### Extracted information

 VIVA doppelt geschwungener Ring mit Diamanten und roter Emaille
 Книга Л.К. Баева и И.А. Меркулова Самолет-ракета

######
### Extracted information

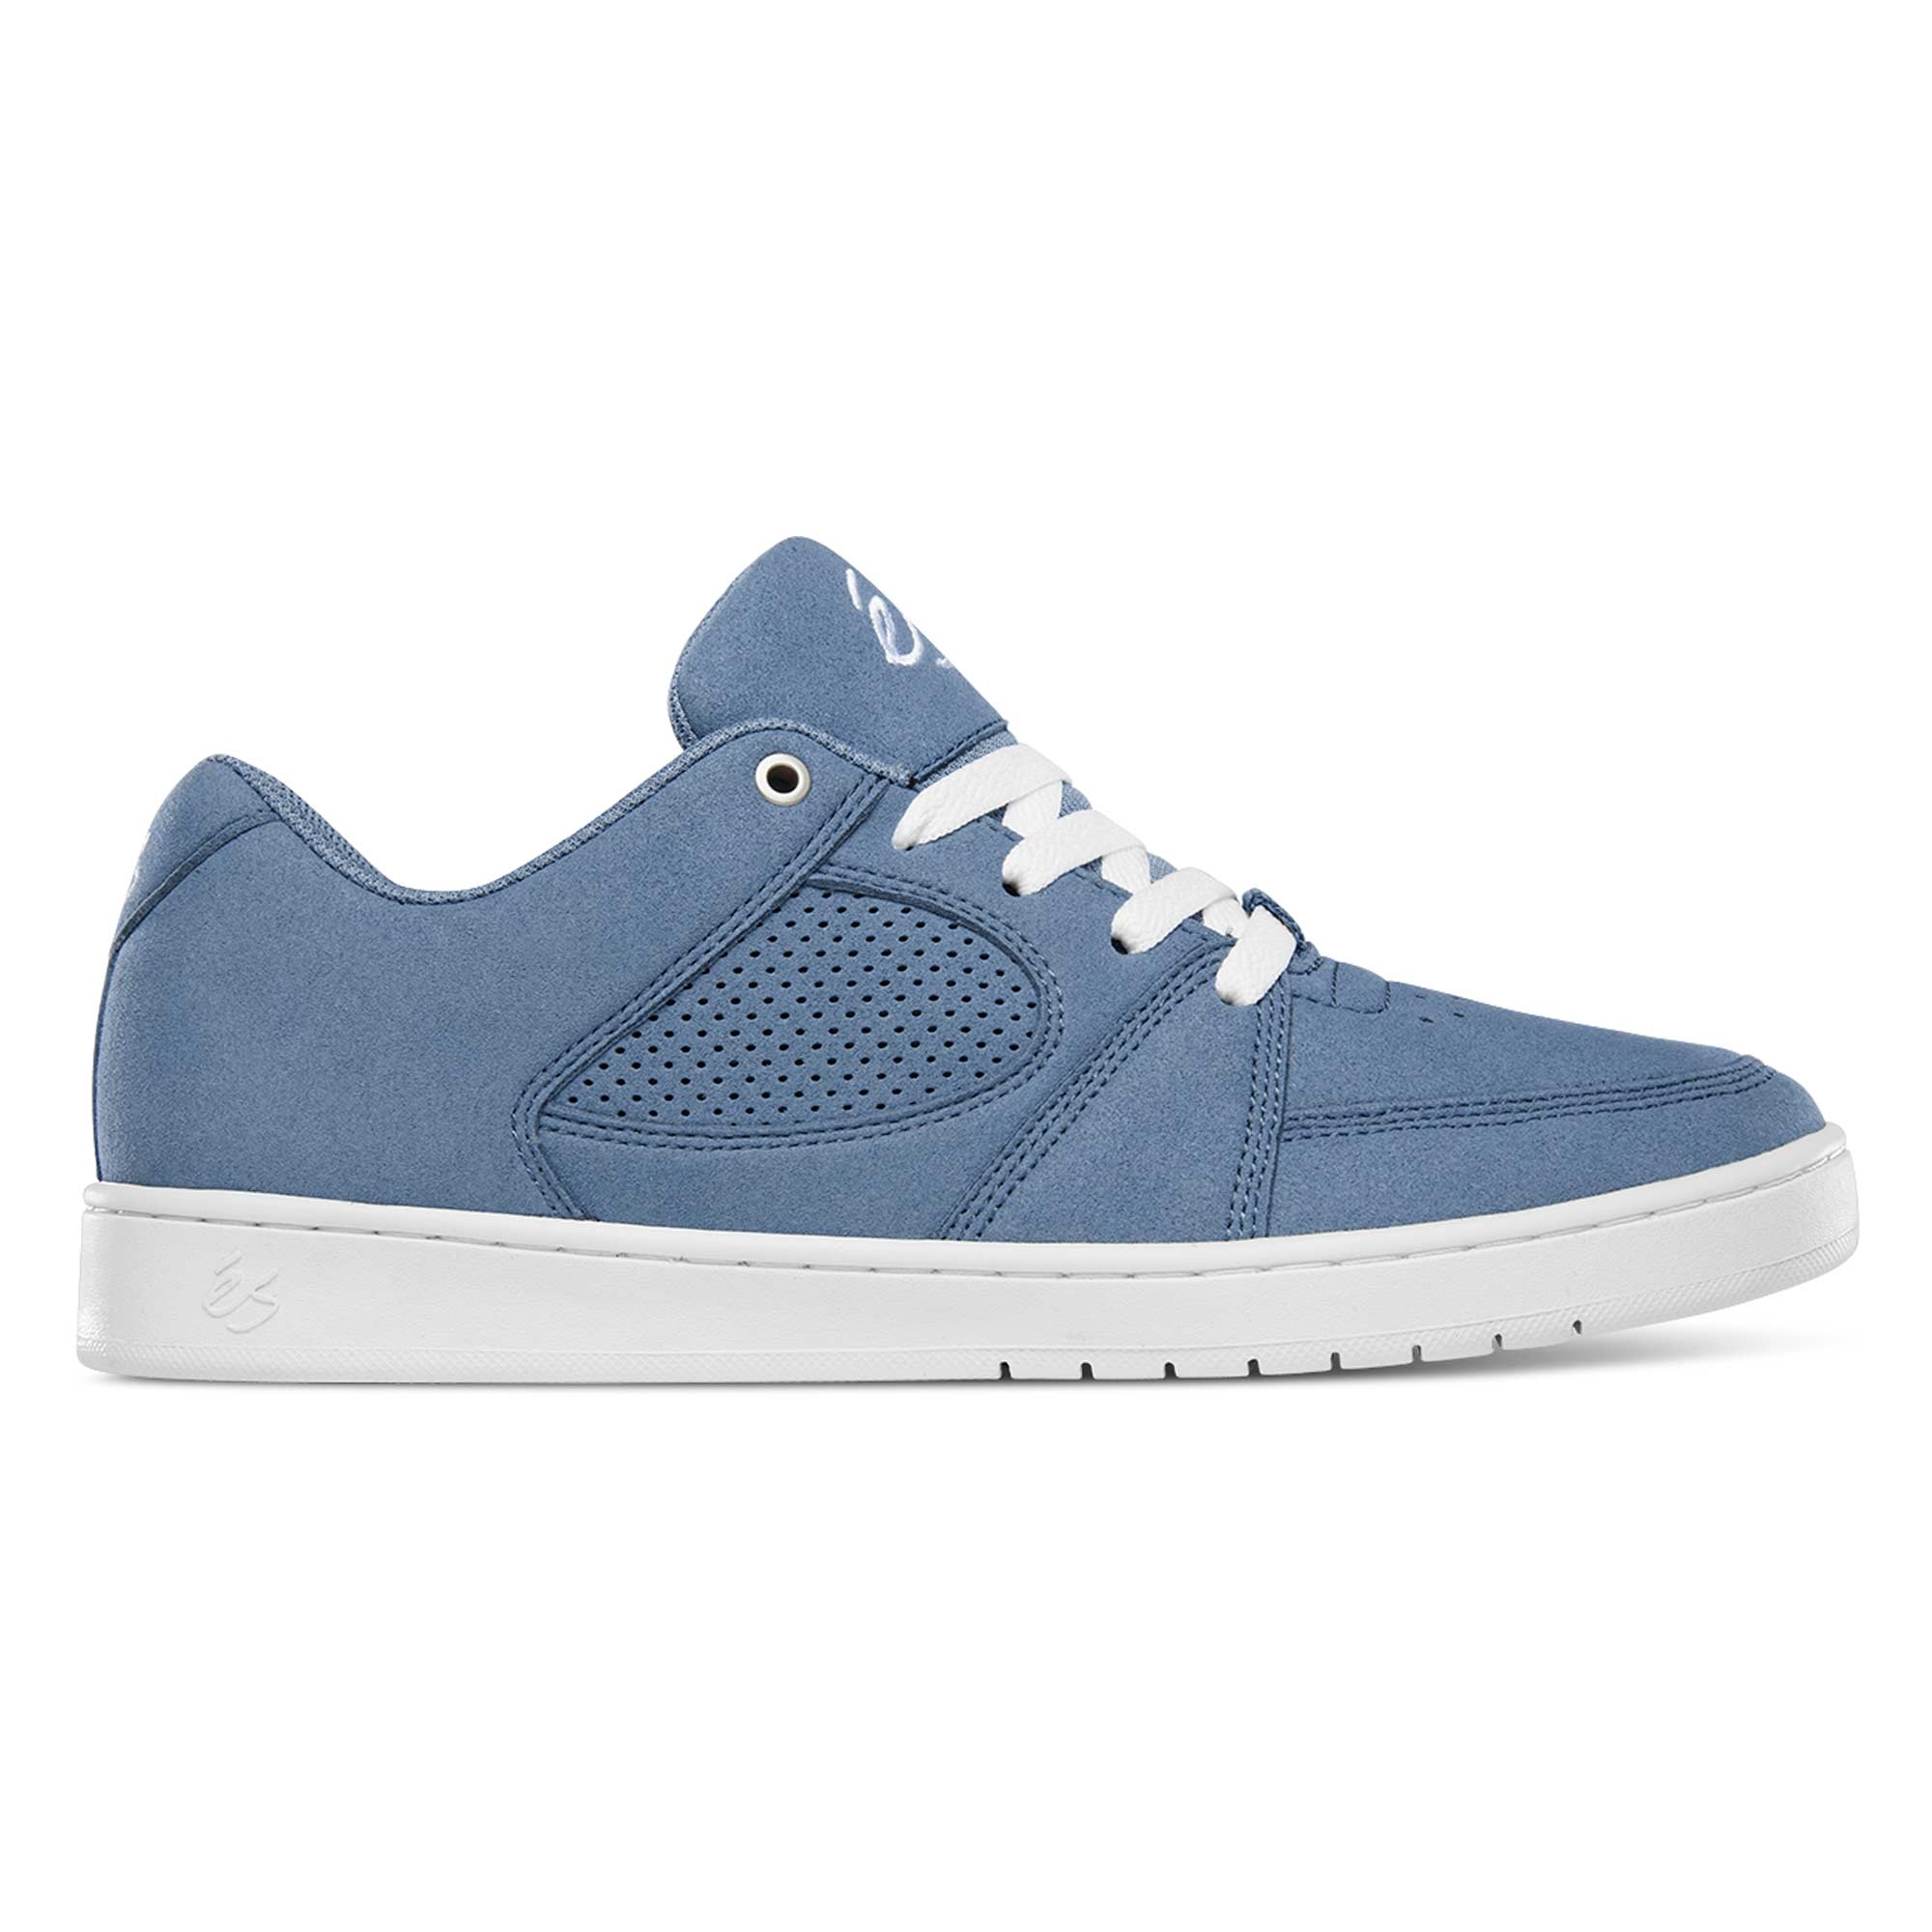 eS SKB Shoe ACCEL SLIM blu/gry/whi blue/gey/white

######

Assigned task -> Using the entries above, give back exactly the line containing "VIVA doppelt geschwungener", the line containing "Книга Л.К. Баева", and every line between them, and nothing else.

Answer box ->
 VIVA doppelt geschwungener Ring mit Diamanten und roter Emaille
 Книга Л.К. Баева и И.А. Меркулова Самолет-ракета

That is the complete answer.